よくある5つのご相談に回答 今の活用が次のBYOD移行に直結するく北海道教育大学附属函館中学校教諭・郡司直孝氏>

2021年11月1日
第82回教育委員会対象セミナー・札幌

第82回教育委員会対象セミナー「GIGAスクール構想 ICT機器の整備・活用」を10月15日、札幌市内で開催。道内から100人を超える教員・教育委員会が参集した。当日はGIGAスクール構想スタートから現在までの運用や1人1台端末活用について、北海道教育委員会、札幌市教育委員会と道内教員2名が報告した。


北海道教育大学附属函館中学校教諭・郡司直孝氏

2013年度から11台端末(Android)活用を始め2016年度からChromebookを活用している同校には全国から視察が訪れる。当初から11台端末の活用推進を担当している郡司直孝教諭は「よくある質問」についての回答を報告した。

■端末が届いた。何から始めれば良いのか

「まず使ってみよう」という運用は、最初は良い。しかし何年生で何をしているのかを把握しないと、バラつきが出てしまい無駄が多くなる。そこで初期の段階で、全校的に体系的な方針を決めることをお勧めしている。本校では付属幼稚園から中学校まで情報活用能力体系表に基づき、ログイン、ローマ字入力、ファイル共有等どの単元で何をするのかについて策定した。最も重要なのは全校体制で児童生徒の実態を考えながら策定すること。組織全体で考えることが重要だ。他校の表をそのまま取り組むと、うまくいかない場合が多い。

■研修をどう進めるか

ICTスキルの向上はもちろん必要だが、デジタルネイティブの授業がうまいわけではなく、ICTは使っているものの、なぜここで共有するのか、アニメーション再生はここで止めた方が良いのではないか、と思うことも多い。そこで、これまでの実践を起点にすることをお勧めしたい。漠然とExcelの勉強をしても授業に役立つことは少なく、こんなことができると良いな、と思ったときに実践力が身につく。
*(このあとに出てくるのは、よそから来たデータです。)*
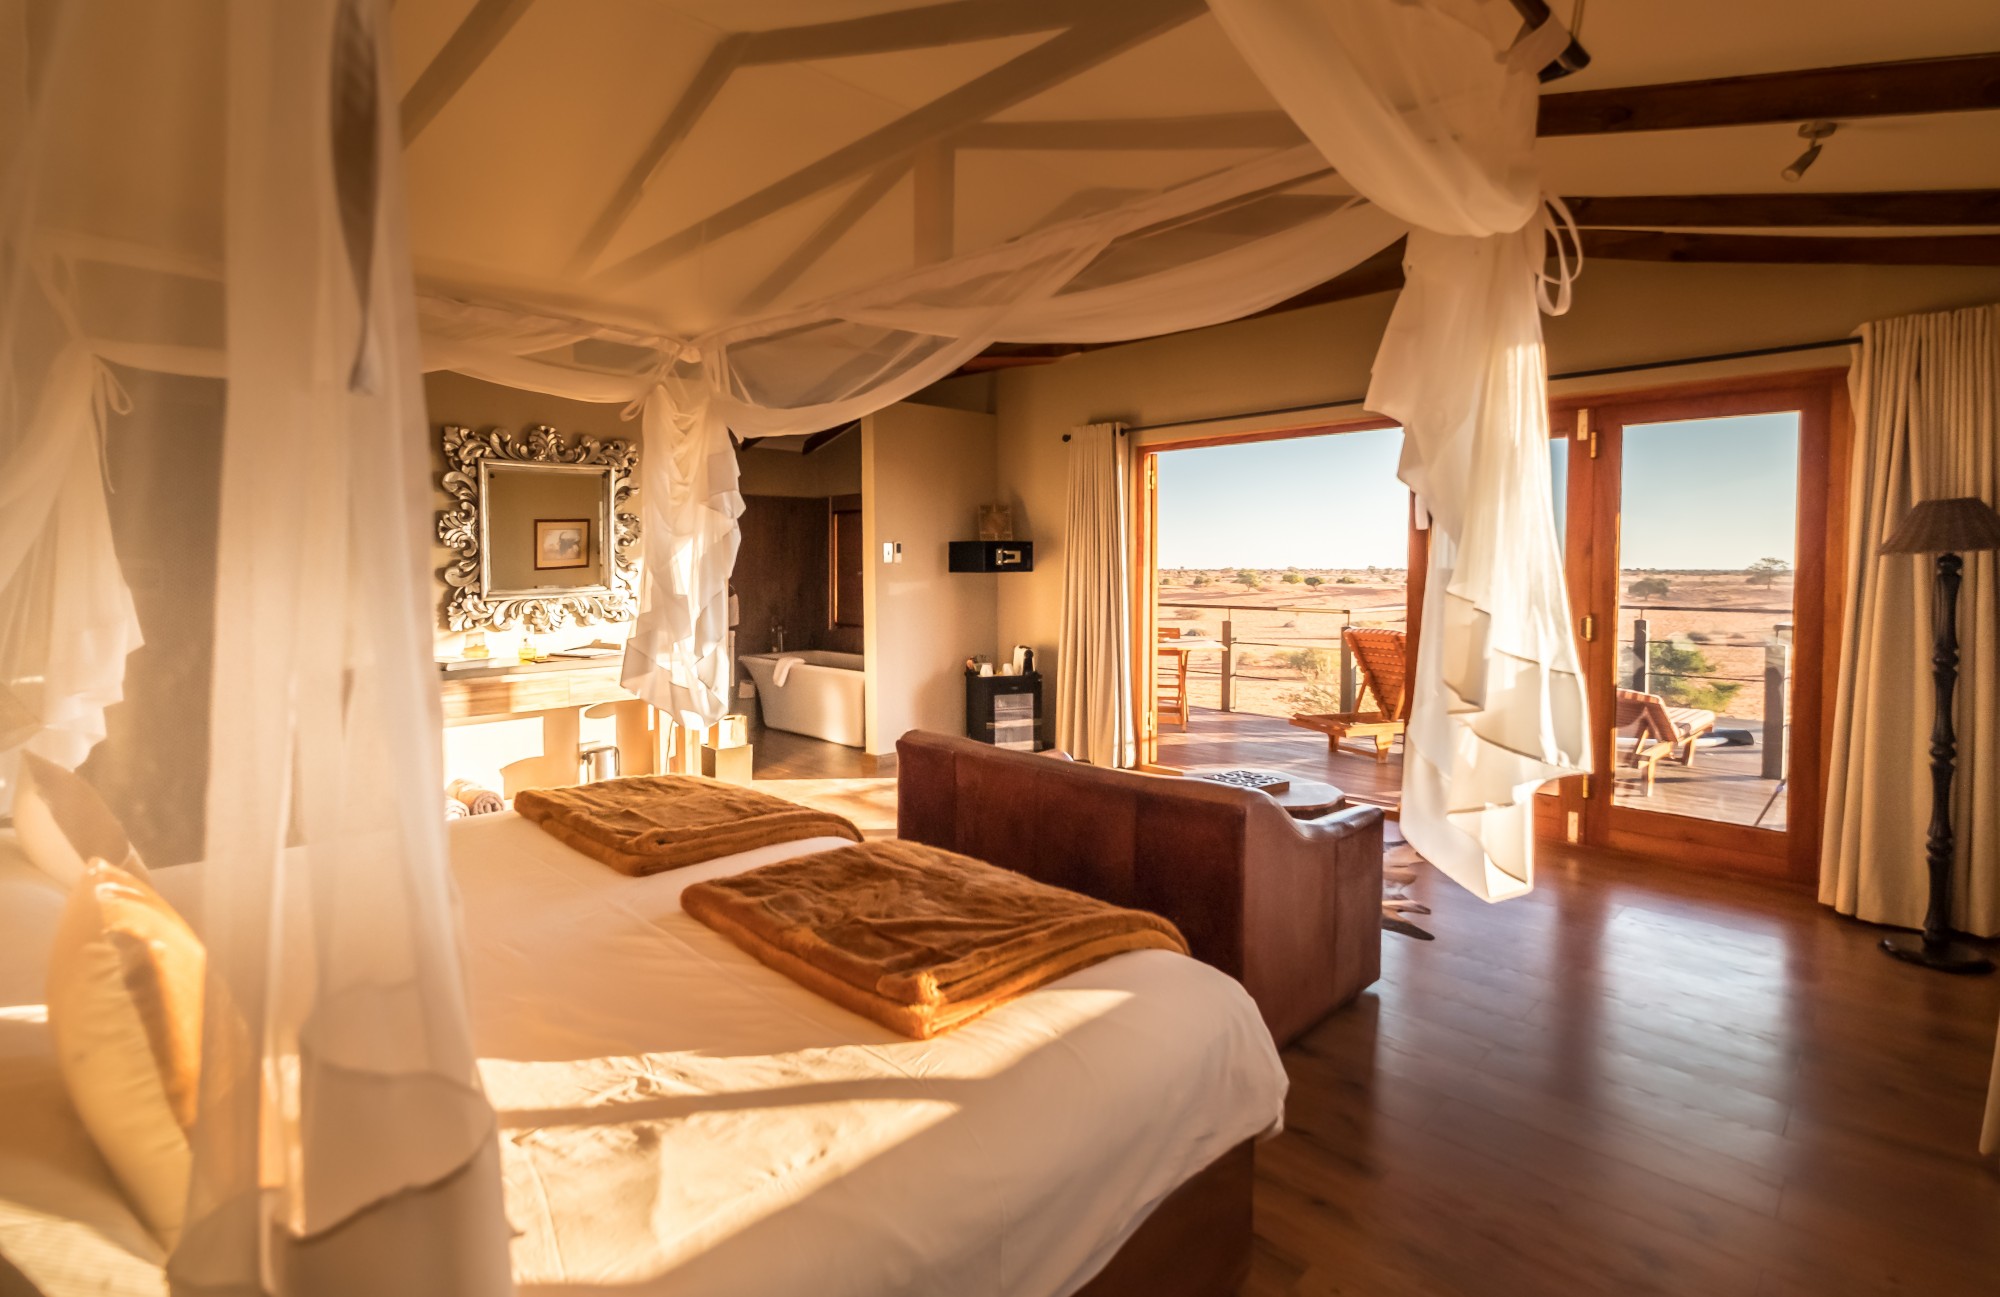 Bagatelle Lodge - Kalahari Game Ranch - Namibia -Guest room including view

ある学校の研修で、「ICTでこんなことがしたい」と思うものを書き出した後、グループで詳しい人に聞くワークショップを行ったところ、授業作りの話し合いが活発に進んだ。ICTはそれほど得意ではないとしても経験豊富な教員はここで重要な役割を発揮する。本校の職員室も同様の雰囲気があり、職員室の会話が情報端末活用を加速したと考えている。

■子供は端末で悪いことをしないか

これは、特に中学校教員に聞かれることが多い。もちろん、トラブルは起こる。その際の対応は2つある。
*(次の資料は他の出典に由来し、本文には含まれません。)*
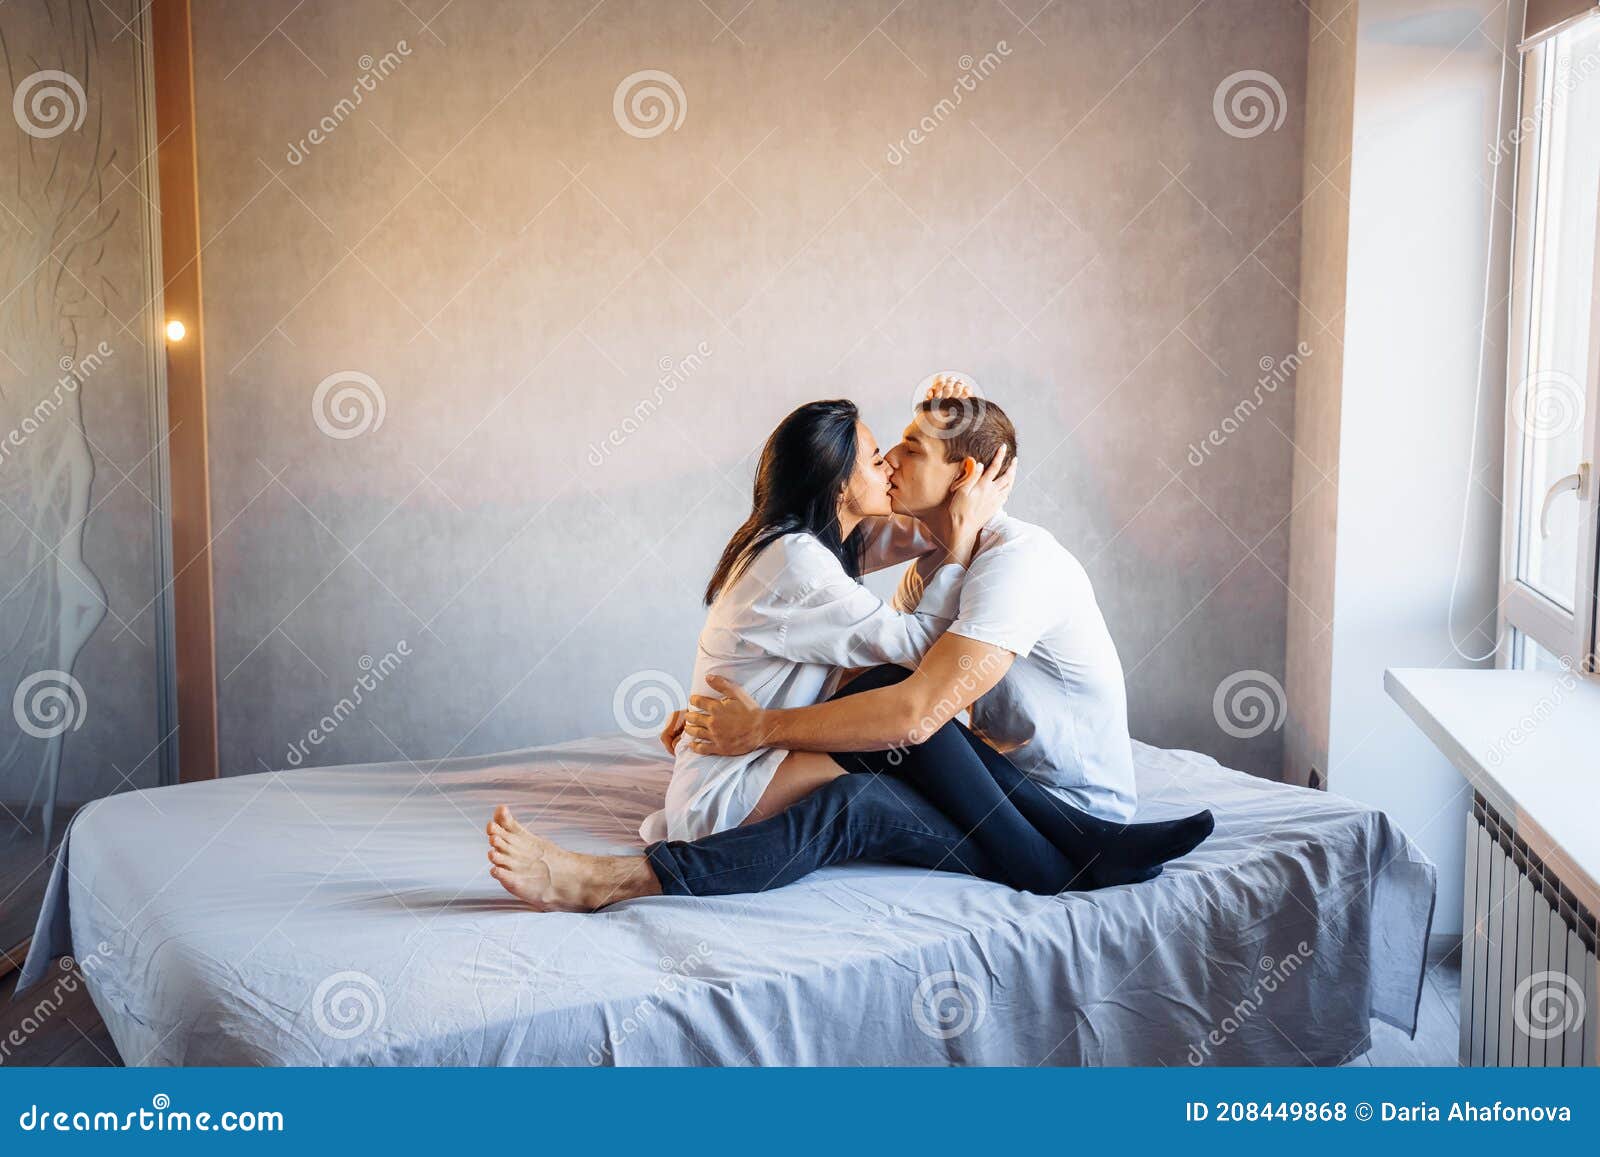 Attractive, Young Couple of Lovers Having Sex at Home in the Bed in Bright Room

1つはシステム的な対応だ。本校では、全教員が管理権限を持つ運用とし、管理状態を変更したいときに担当に依頼しなくてもできるようにした。例えばWebページは基本的にホワイトリスト運用だが、総合的な学習の時間や社会の時間にオープンデータにアクセスしたいときには授業者が自分の判断でブラックリスト方式に切り替える。授業が終わった後に、ホワイトリスト形式に戻すこととしている。様々な時間にそれぞれの教員が変更しているので、万が一誰かがホワイトリスト運用に戻すことを忘れたとしても他の教員が戻すことができる。この運用では、例えば朝の会で生徒同士が勝手に打合せをしていた際にはその場で禁止することも可能だ。

MDM等で「時間を制限する」「アクセスできなくする」こともシステム的に可能だが「使わせない」ことは根本的な解決にならないので本校ではこの方法はとっていない。
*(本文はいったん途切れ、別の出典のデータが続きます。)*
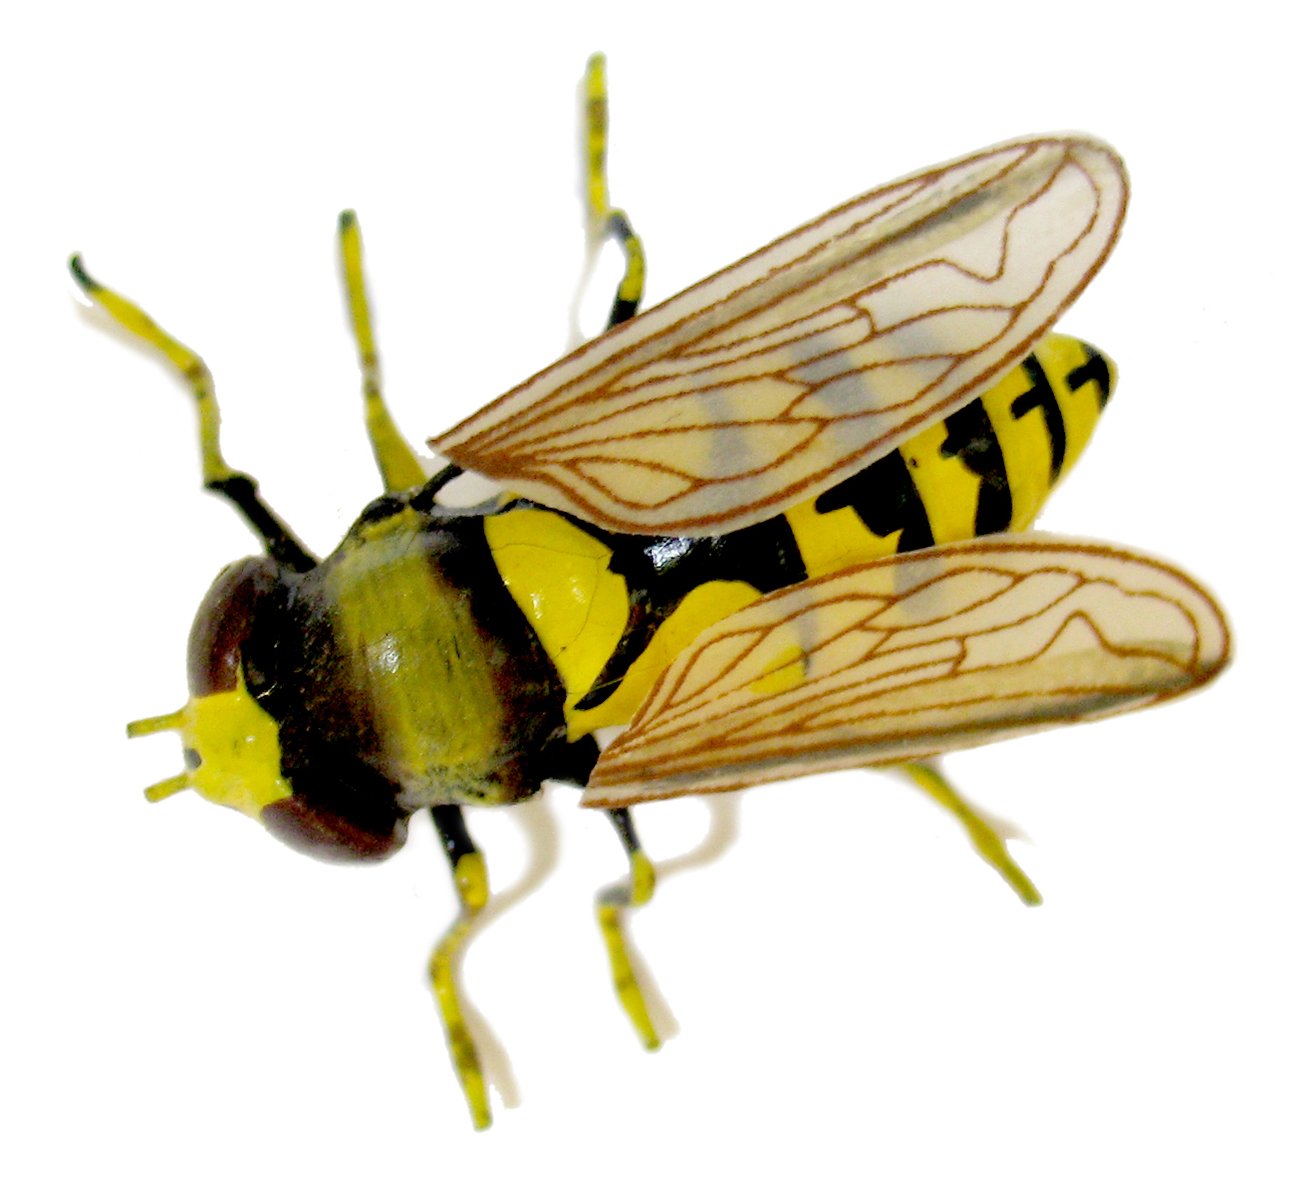 a close up of a black and yellow insect

もう1つは指導の工夫だ。教室の机の配置を工夫し、外向きロの字型に座らせて教員から画面が見えるようにする。また、生徒同士のコメントは必ず教員も閲覧できるようにする。何か問題が起きたときも「問題が起きた」と考えるのではなく、問題が見えるようになった、と考えている。これは、生徒と共に考える良い機会だ。教員がルールを決めるのではなく、生徒が自らルールを改正していくようにする。

ICTにネガティブな教員がいる

これも多くの学校から届く。まずは研修で教員に一定の理解を得る。

次に「そもそも論」と「やらざるを得ない環境づくり」だ。学習指導要領はこれまでと異なり「総則」の議論を10か月間行ってから「教科部会」が始まった。これまでの「教科ありき」ではない。これを重く受け止めるべきであり、子供に教科の力だけをつければ良いわけではなく、教科横断的な視点に立った資質能力育成が求められている。「自分の教科では必要ない」という考え方はあり得ない、というのが「そもそも論」だ。児童生徒が使うことが大前提、という点の浸透も必要。教員が講義する形式の授業で情報端末は不要なのは当然であるが、目指す学びを実現するための授業は教員の一斉講義ではない。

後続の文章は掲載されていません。